But perhaps the most significant sign of transformation was his pursuit of a professional baseball team. The owner of the Los Angeles Dodgers, Frank McCourt, had taken the team into bankruptcy, putting it in play. Cohen insisted that baseball work as a business, and assembled experts to pressure-test the spreadsheets. Dodger Stadium’s parking lots were a particular financial pressure point. The more he investigated, the more excited he became. “I feel like it might really suit my personality and background,” he told a friend, who added, “It might have been that thing that helped him get away from staring at the screens ten hours a day.”

With the pursuit of the Dodgers, it became clear that Cohen, who’d been feared and admired even as he stayed in his trading bunker, was ready to greet his public. “[The Dodgers are not] a philanthropy. It’s a business,” Cohen told an associate. “But it makes people happy, it entertains them, it gives them something to take their minds off their problems. I want to buy the team and make money, but it’s also good for the people of Los Angeles and baseball fans.” Cohen no longer dreaded the publicity; he was looking forward to it.
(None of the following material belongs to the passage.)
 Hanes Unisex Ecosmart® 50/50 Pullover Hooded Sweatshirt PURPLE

In March 2012, Cohen was declared the leading bidder in the press, reportedly in for $1.6 billion. Cohen had already begun imagining how he’d rearrange his life to suit this exciting pursuit. He planned to scale back at SAC. He would open an L.A. office so he could trade, but only part time.
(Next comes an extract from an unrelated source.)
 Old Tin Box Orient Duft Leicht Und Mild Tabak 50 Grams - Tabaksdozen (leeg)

He hired an architecture firm to begin to plan a renovation of the stadium. He lined up a potential team president, Arn Tellem, and a general manager, Tony La Russa.

Then, on March 28, 2012, Cohen was ­outbid. A consortium led by Guggenheim Partners, with Magic Johnson as front man, offered more than $2 billion, which would make it the most expensive purchase of an American sports franchise in history.

Cohen was said to have been “astounded” by the bid. He could have written a bigger check, but that didn’t make business sense. He didn’t want to be seen as a fool. Still, the outcome bothered him. “Steve was really disappointed,” said a friend. “He really wanted it.”

As the Dodgers eluded him, Bharara’s investigation was ­heading into the endgame. At the office, Cohen found he was doing little but damage control, which demanded a whole new skill set. “He used to spend 99 percent of his ten-hour day in front of a screen watching technicals and trading. Over the last two years, it had become half the day, then 10 percent or none,” said a colleague. Before, his office conversation had been about trades and P&L. Now he listened to people’s feelings. He kept his office door open and pulled aside portfolio managers and analysts, probing them about their concerns. He affected an Alfred E. Neuman “What, me worry?” expression. “I sleep like a baby,” he insisted, half-joking. And he tried to assure them that the worst had passed, hoping it was true.

A year later, in March 2013, he agreed to pay the SEC $616 million to settle civil charges, a record-breaking sum that he hoped would put the matter behind the company. The SEC settlement was at that point better than it could have been. The SEC didn’t require that SAC close and convert to a family office, as many had believed it would. So the hedge fund could survive; it would be smaller, but its “viability” was assured, Cohen told the staff. A June 5, 2013, memo was blunt: “We have no plans to become a family office.” As part of the SEC deal, the company didn’t have to admit wrongdoing, and Cohen blithely explained that it wasn’t culpable, even if there were a few bad apples.

Still, on the trading floor, fears persisted. Top employees didn’t know what information to trust and sometimes assumed the worst. In the office of SAC president Tom Conheeney, one portfolio manager got to Cohen. “Everyone is wondering if the firm will make it to end of year. And if they will get paid,” he said. Cohen jumped out of his seat and shouted, “I’m not closing the office! You will get paid! I guarantee it!”